In contemporary debate, defenders of felon disenfranchisement laws will note that in some states (albeit mostly those with the smallest black populations), the felon population largely comprises older white men — a largely conservative demographic. They argue that if some states are disenfranchising likely Republican voters — and moreover, predominantly white voters – that the system cannot possibly be racist or biased against Democrats. By contrast, liberals respond that voters of color are nonetheless disproportionately incarcerated, even if they represent a minority of disenfranchised voters. And progressives also contend that in addition to being anti-Democratic, felon disenfranchisement is also deeply anti-democratic.

Perhaps some convicted of felonies — those guilty of extremely violent crimes, for instance — have truly gone beyond the pale. But most of those people will walk free again. They will hope to lead normal lives. They will hope to atone and be forgiven. And they will want to be part of a society that now appears to want no part of them. In short, they will be at the mercy of a merciless nation – one which favors punishment over restraint, where the “justice” system has reinvented injustice.
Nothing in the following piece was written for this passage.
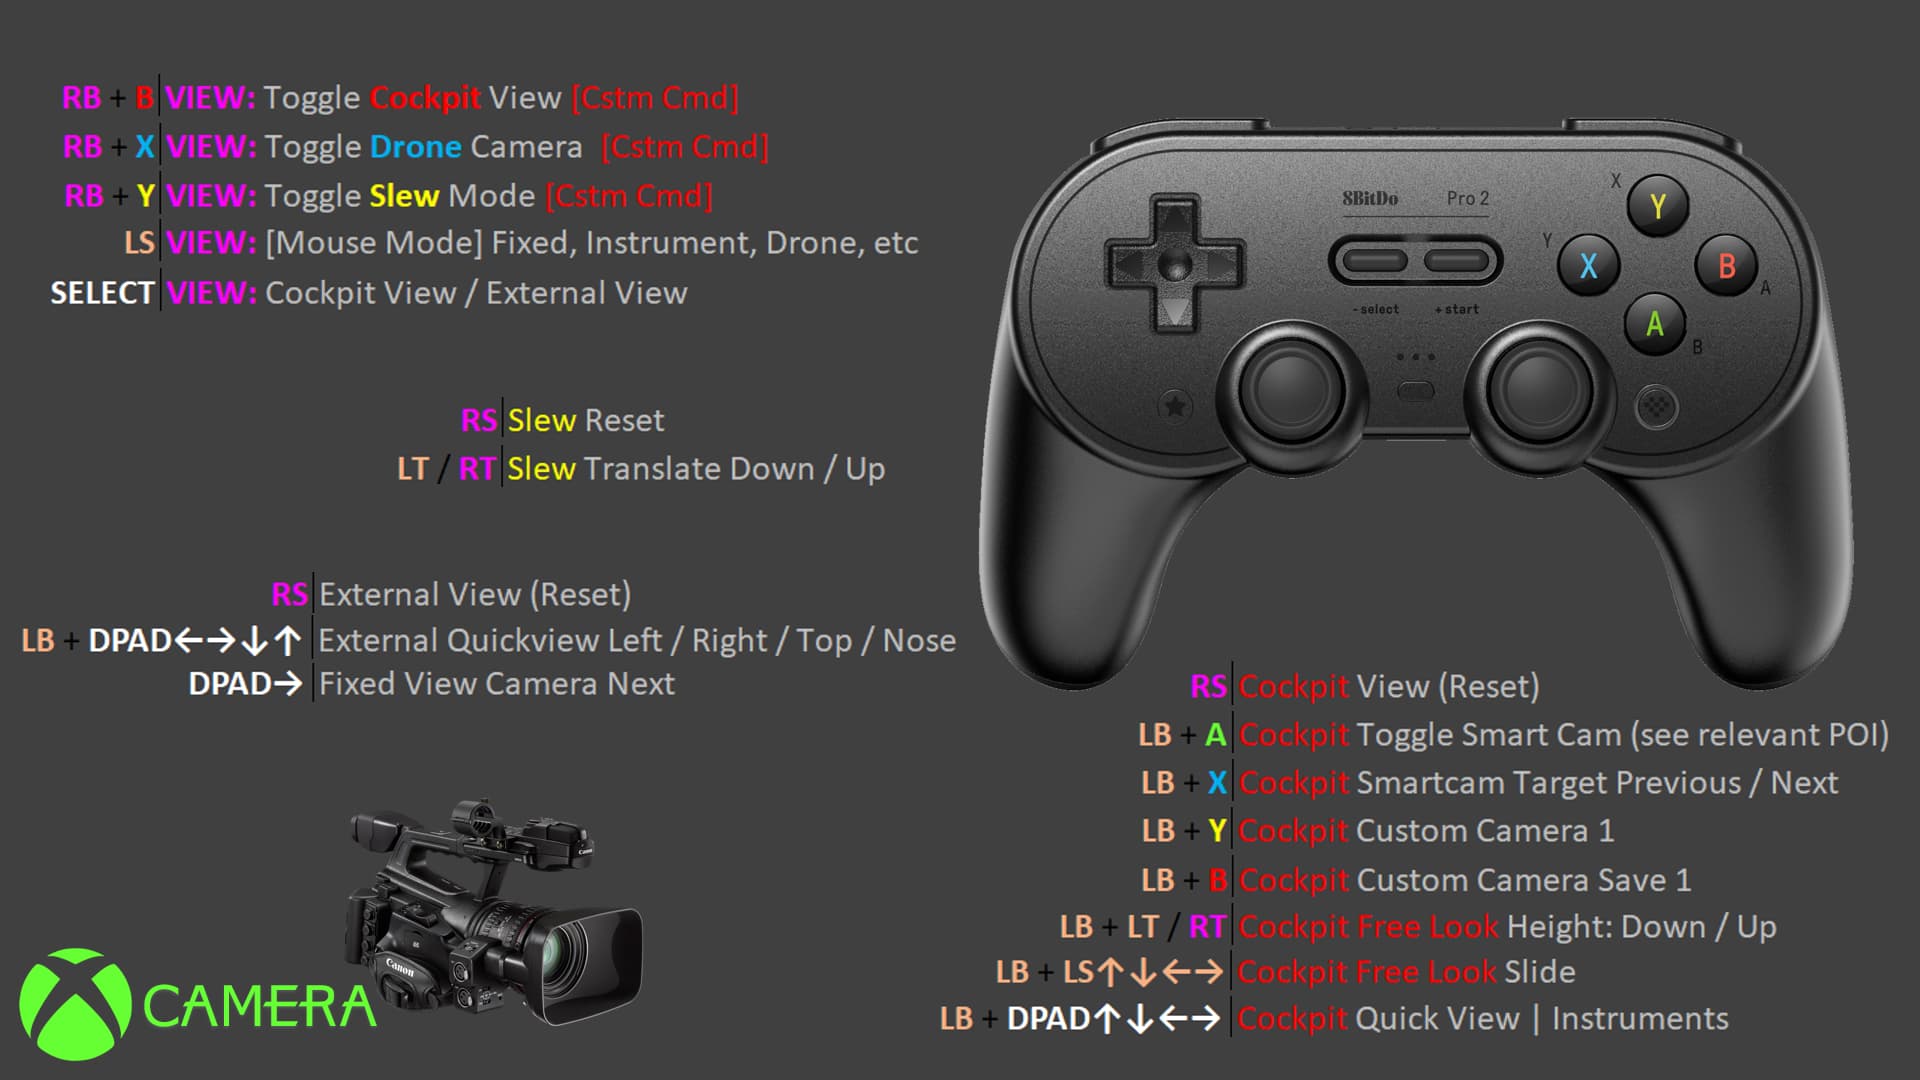 FS2020: Hints & Tips on Configuring your Xbox Controller for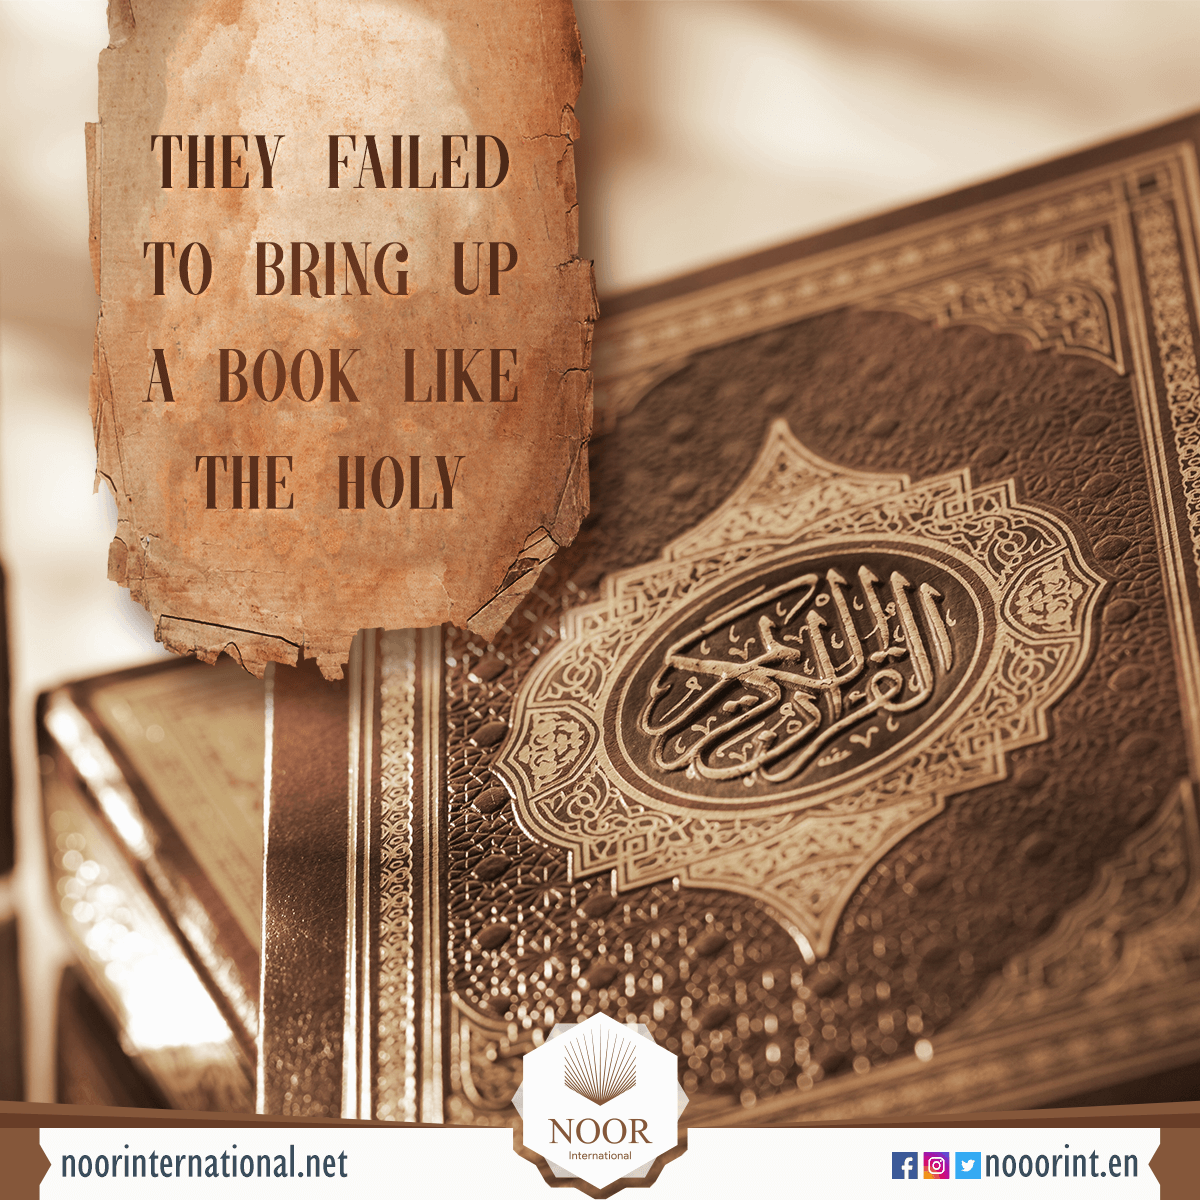 They failed to bring up a book like the Holy Quran.

If America is to remain the land of the free — the birthplace of modern democracy — it behooves us to choose rehabilitation rather than retribution. If they have served their time, people deserve to participate. If they have not harmed others, former felons should regain the franchise. Certain crimes — murder, terrorism, treason — may trespass too severely on our morals. But most Americans who are locked up should not be locked out of democracy — especially not its most profound and precious civic duty.